■ **Aim of the task**: Would you restate the listing word for word, with the images omitted?

■ **Data excerpt**:
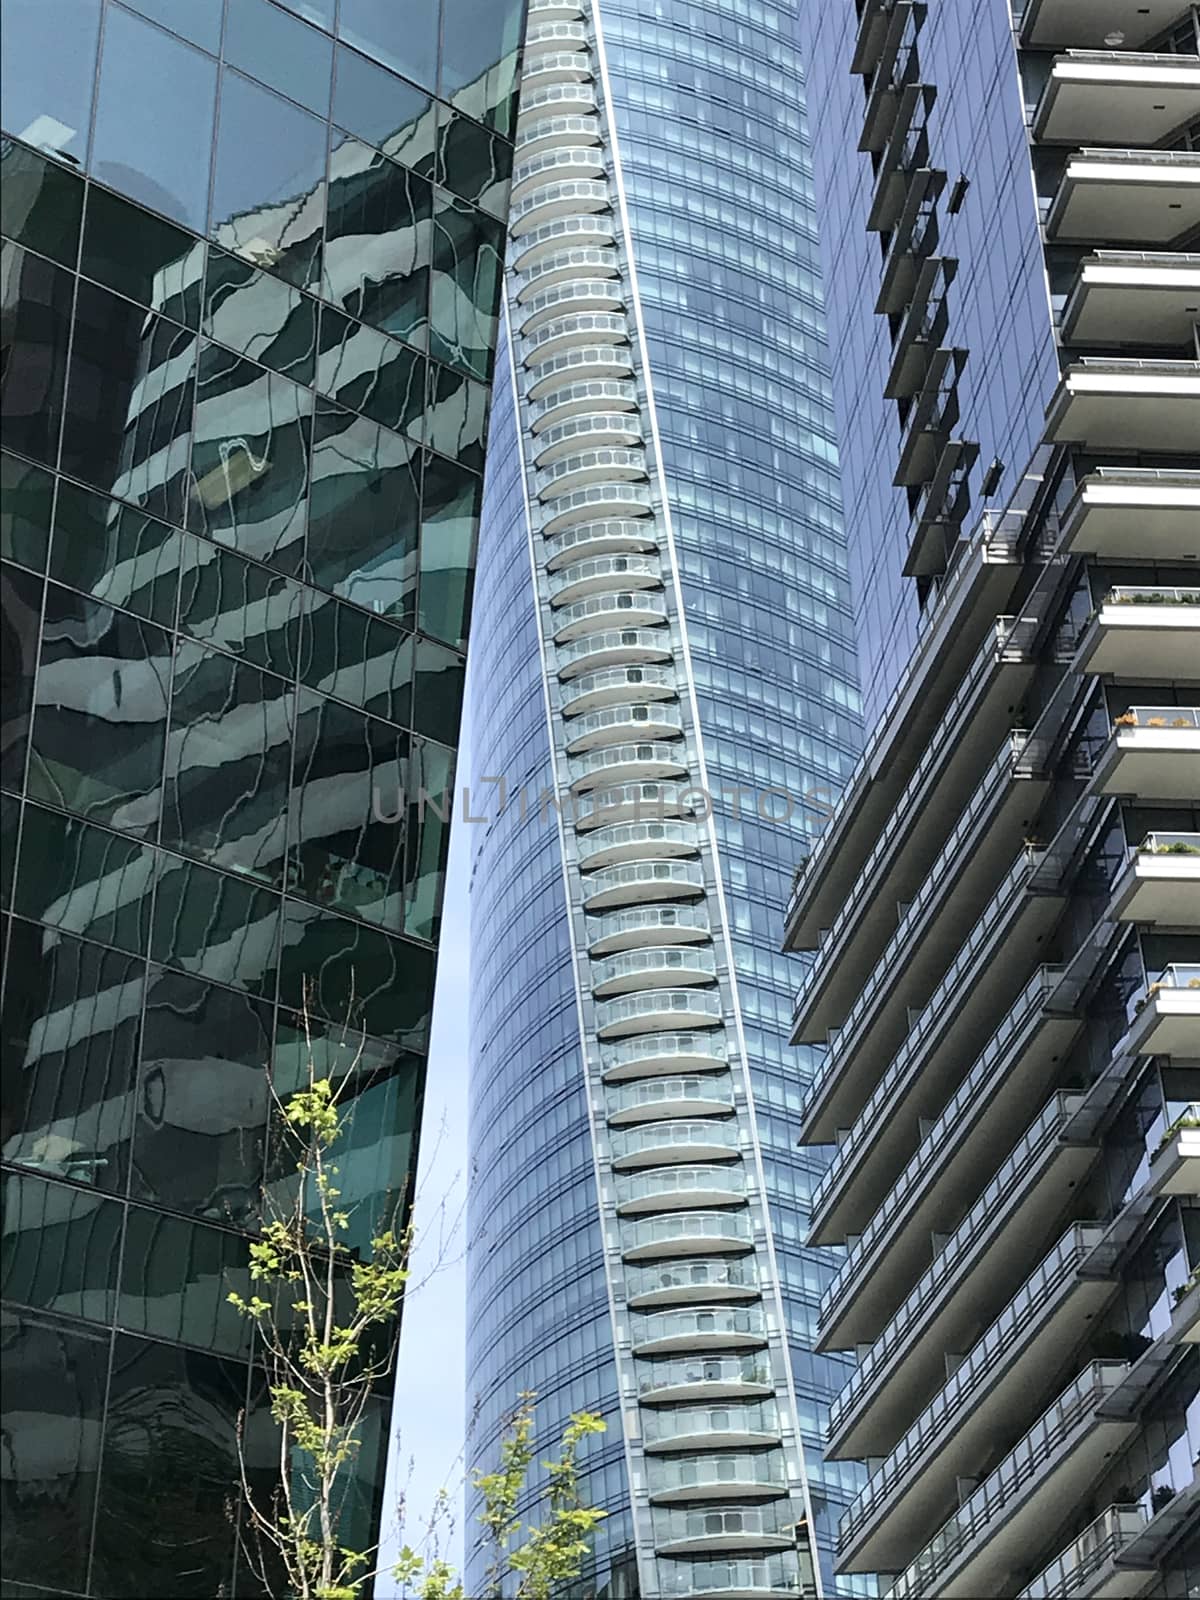 Skyscrapers architecture modern buildings glass tower in Vancouver by 1shostak
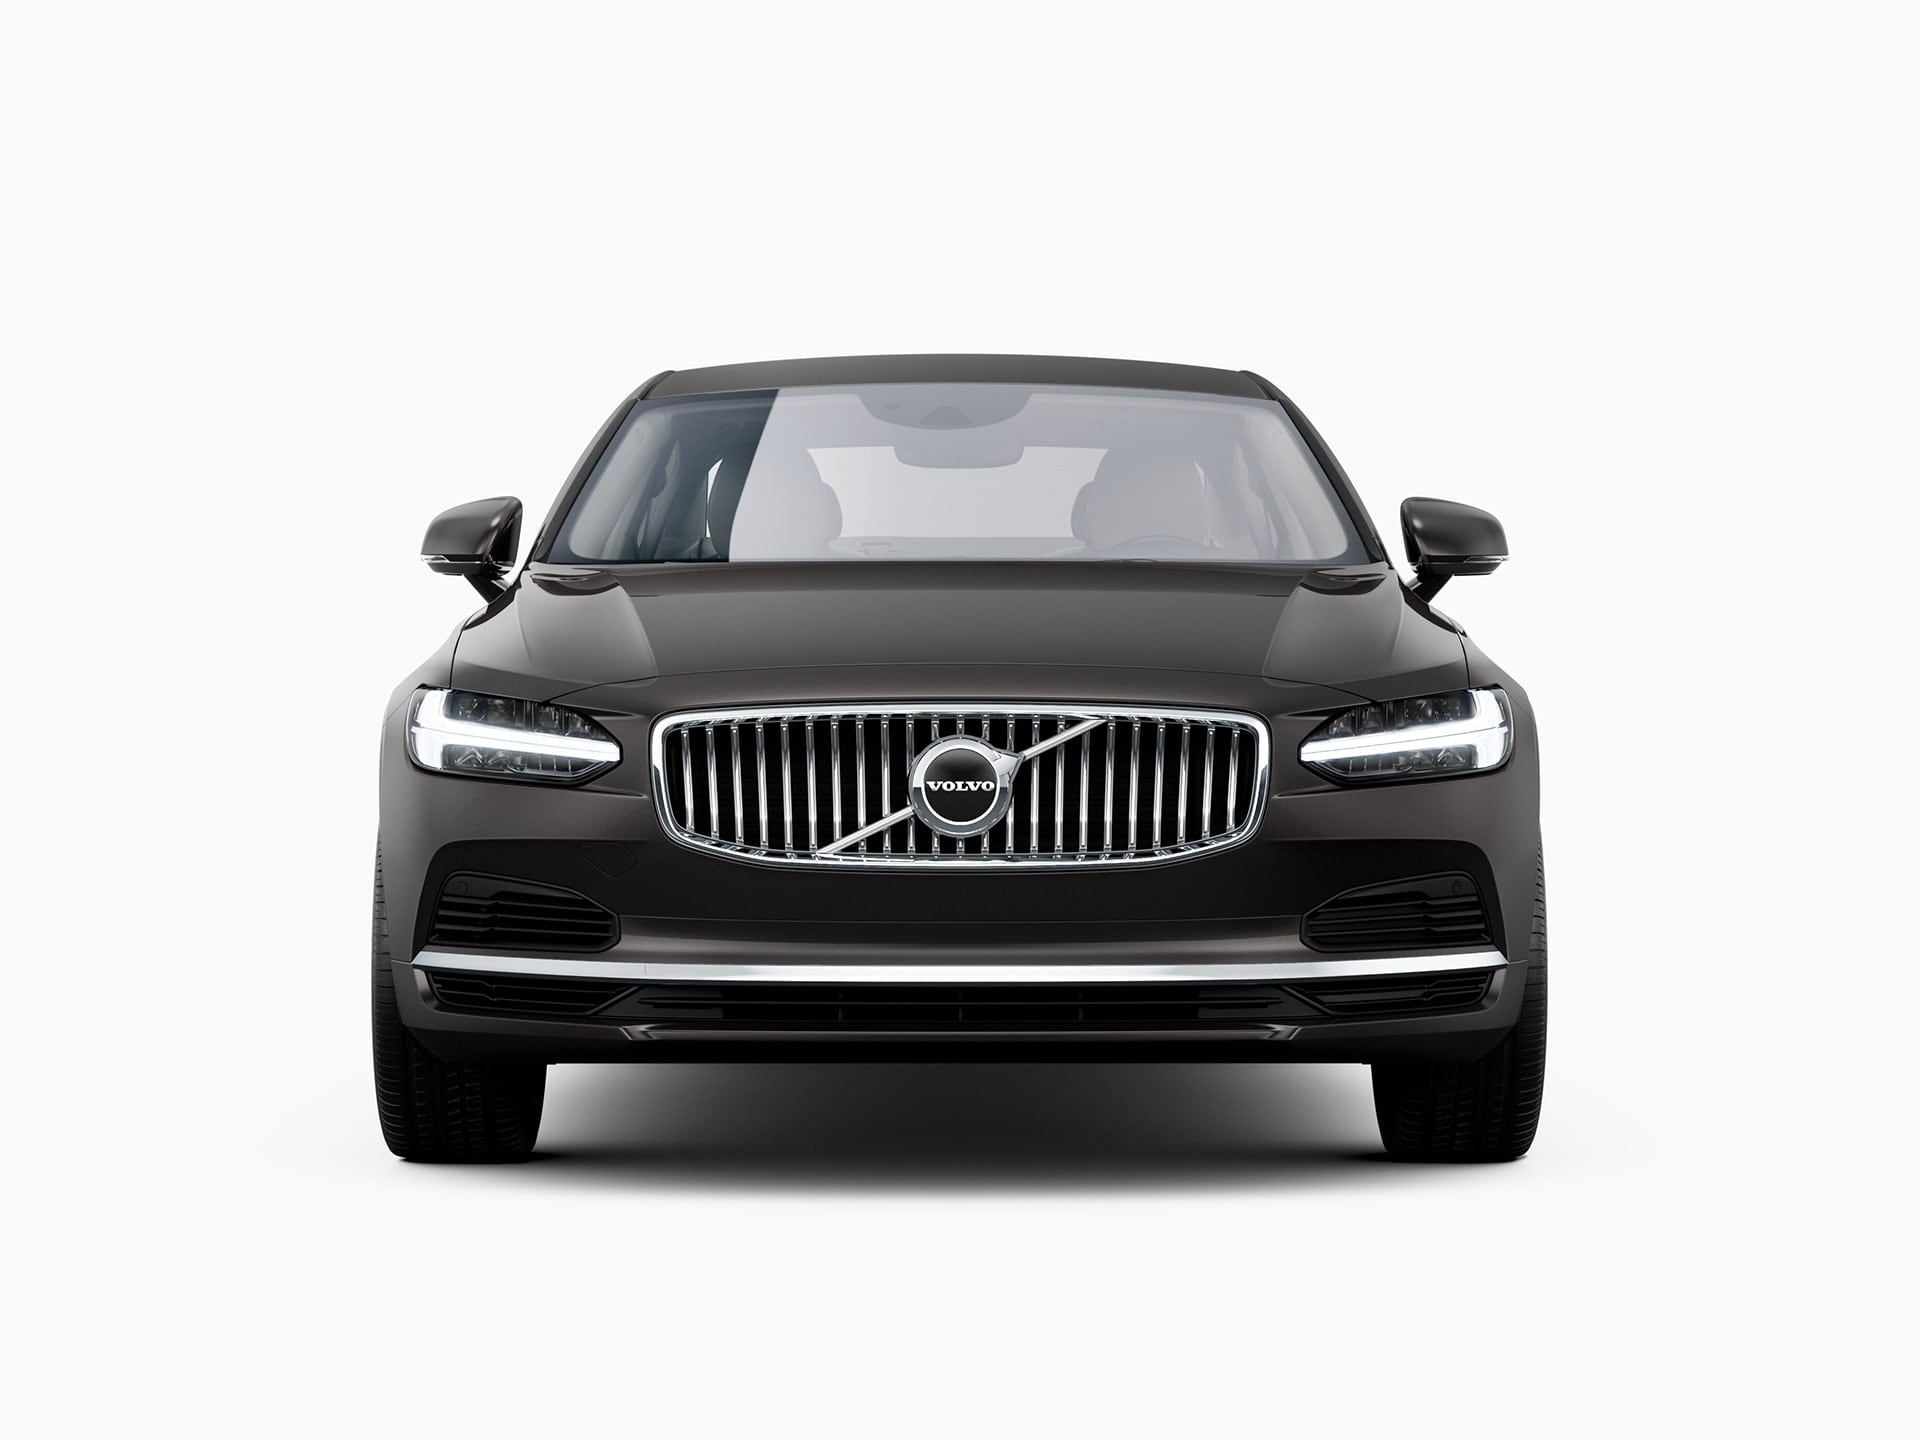 The front of a Volvo S90 Recharge plug-in hybrid sedan.
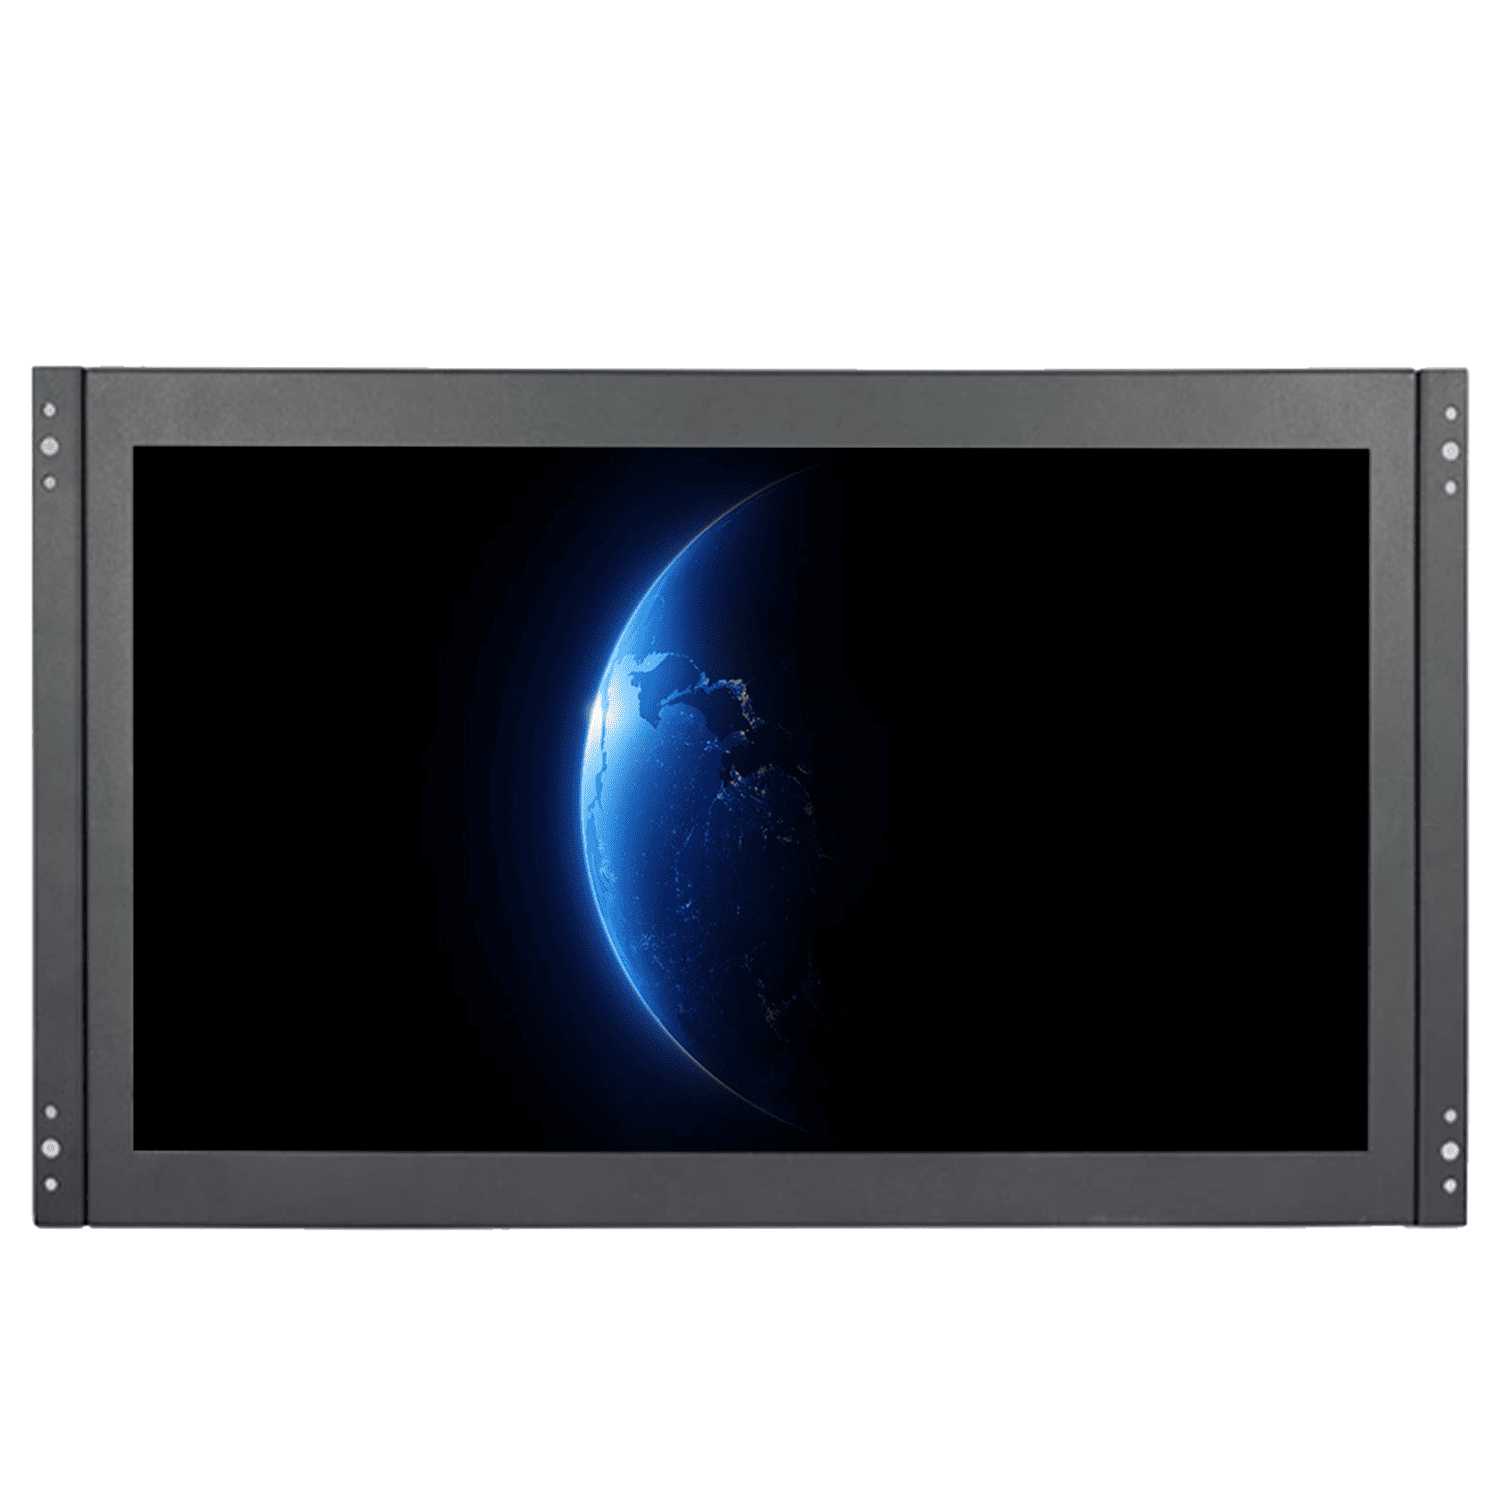 15.6 inch high-definition industrial touch open VGAHDMI LCD monitor

■ **Task result**:
 Skyscrapers architecture modern buildings glass tower in Vancouver by 1shostak
 The front of a Volvo S90 Recharge plug-in hybrid sedan.
 15.6 inch high-definition industrial touch open VGAHDMI LCD monitor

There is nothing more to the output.